Emily Dickinson is one of my favourite poets, and certainly an idiosyncratic, enigmatic, moving, eccentric and inspired one. She is a poet who defies easy categorisation, and whose works - which to my mind stood alone largely without precedent nor successor - were unknown in her lifetime, which she lived out in recluse in her family home in New England, USA. She composed thousands of poems, most of which were found in her bedroom drawers after she died.

At first viewing I have found some of her poems to be a little difficult to understand, but when this is so I've usually found it helps to slow down my mind. Then it's easier to get onto her wavelength, and to relate to her use of language. Likewise, it's good to read a poem several times, alighting on different words each time, until it all begins to come together in the mind and heart. For this, too, it can be helpful to have them in the hand as a book, or to print these poems out to read later on at leisure.

A different mode of reading is required to that employed, for example, when reading newspapers and magazines with a mind that fishes superficially and quickly in and out of pages: with Emily Dickinson (as well as much other poetry) this shallow net fishing doesn't work - it's better to stop and dive down deep, or at least stop to tread water for a while, taking in the sky and the ocean view in each direction. Her poems for me epitomize everything poetry aspires to be - performing the function of distilling the essence of themes and feelings - and as such, they tend not to be very long, and yet contain words chosen with tremendous precision.

As if to further highlight this notion, it is characteristic of her poetic style that the syntax is often clipped, and interspersed with plenty of dramatic long hyphens which amplify the principle of focus in her poems, while words of key poetic significance are usually assigned an otherwise grammatically arbitrary Capital Letter in mid-phrase. When her selected works were first published, these idiosyncracies were carelessly ironed out, and even today it is necessary to search with care to ensure you are reading versions of her poems (like those on this page) which maintain the original unchanged linguistic trademarks of her art - eccentric dashes, capital letters and all!

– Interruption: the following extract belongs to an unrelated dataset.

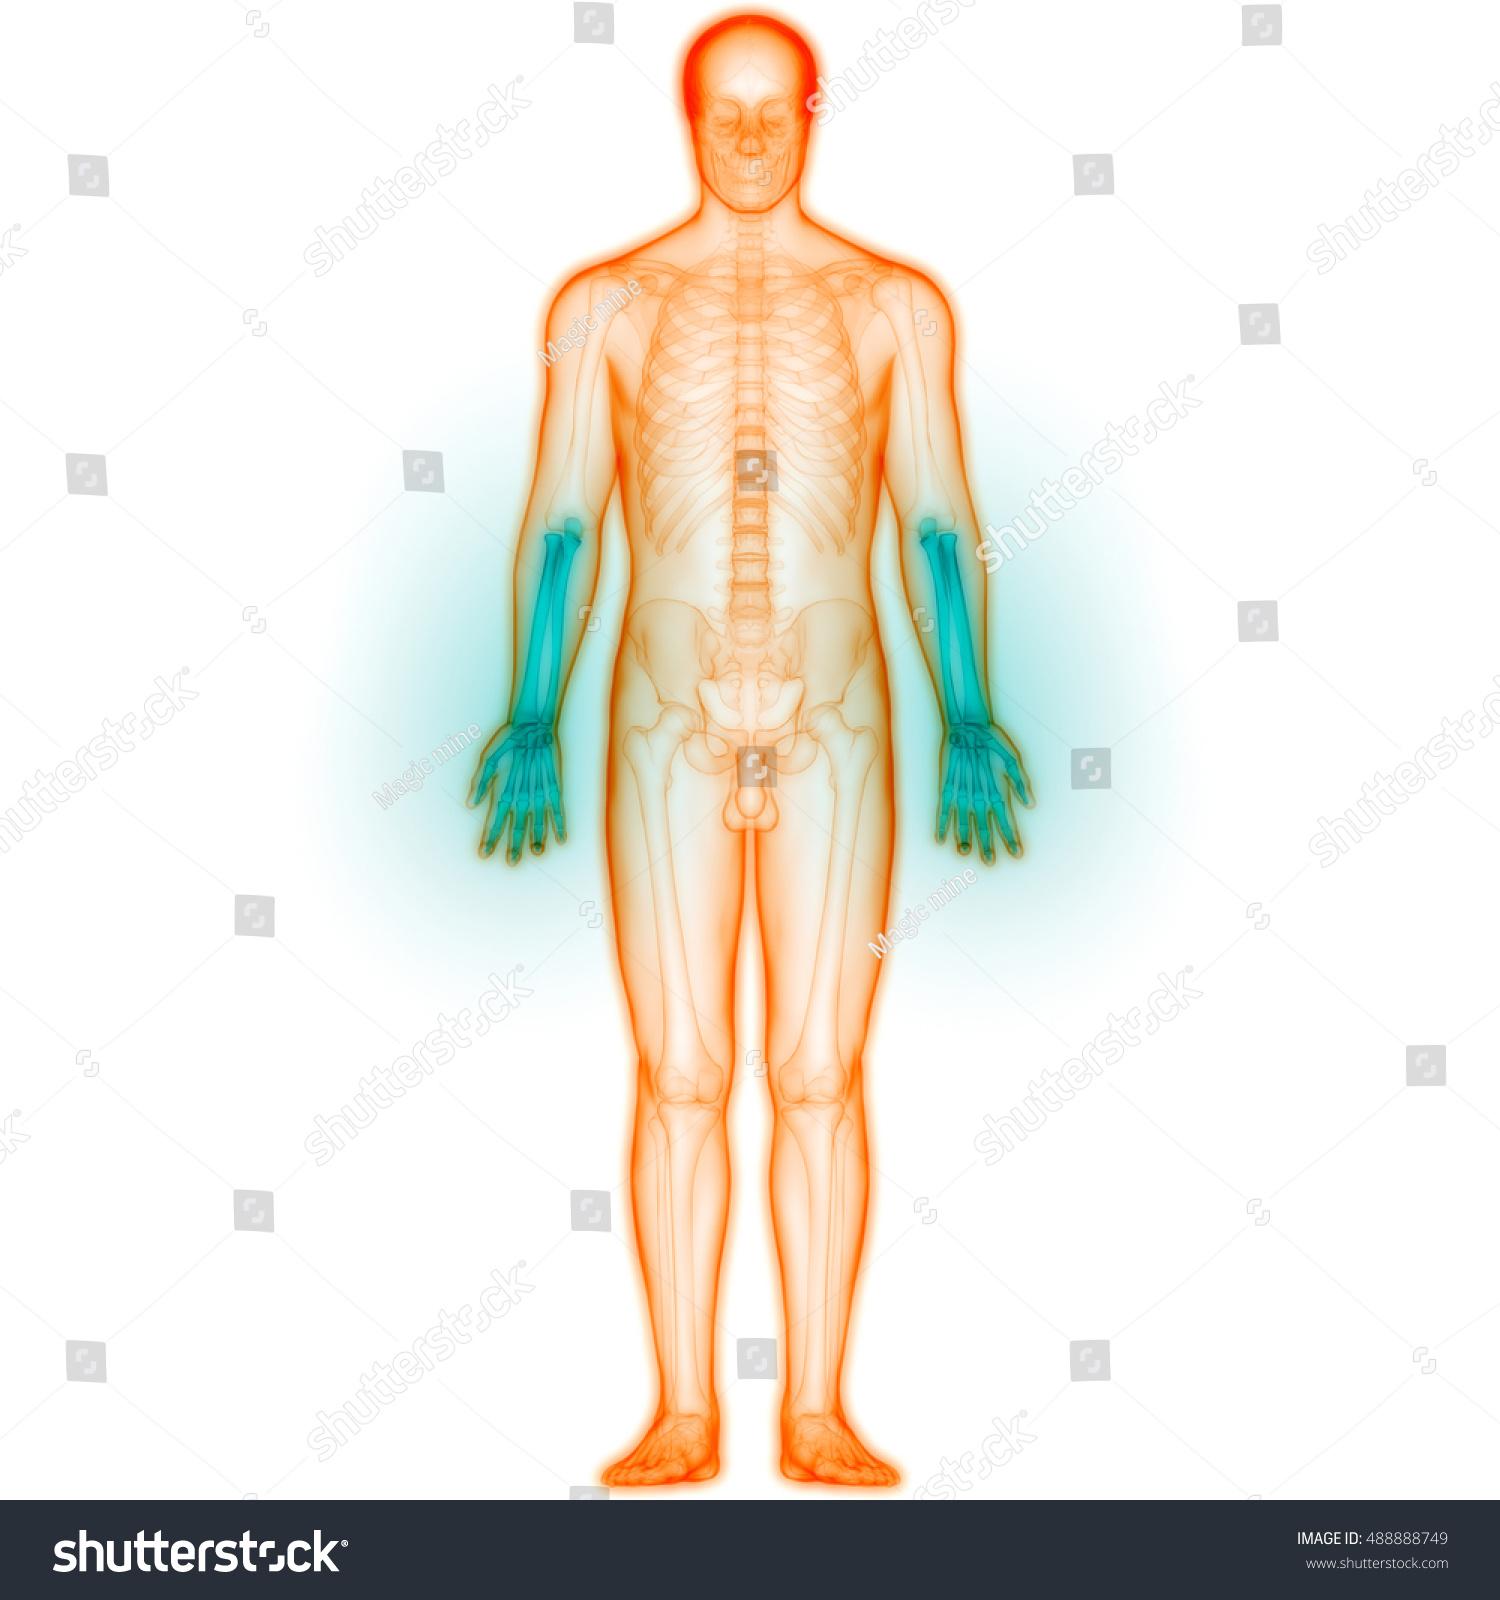 Human Body Joint Pains Anatomy Hand Stock Illustration 488888749 ...

I also feel that with poetry in general (and never more so than with Emily Dickinson's) it works well to approach the words instinctively, listening with the heart; to allow the sounds and meanings both to ring in the head and to penetrate the heart, whether or not the exact rational meaning of every word is clear: this is part of the beauty of poetry, which could perhaps be described as the essence of the mind expressed through the language of the heart.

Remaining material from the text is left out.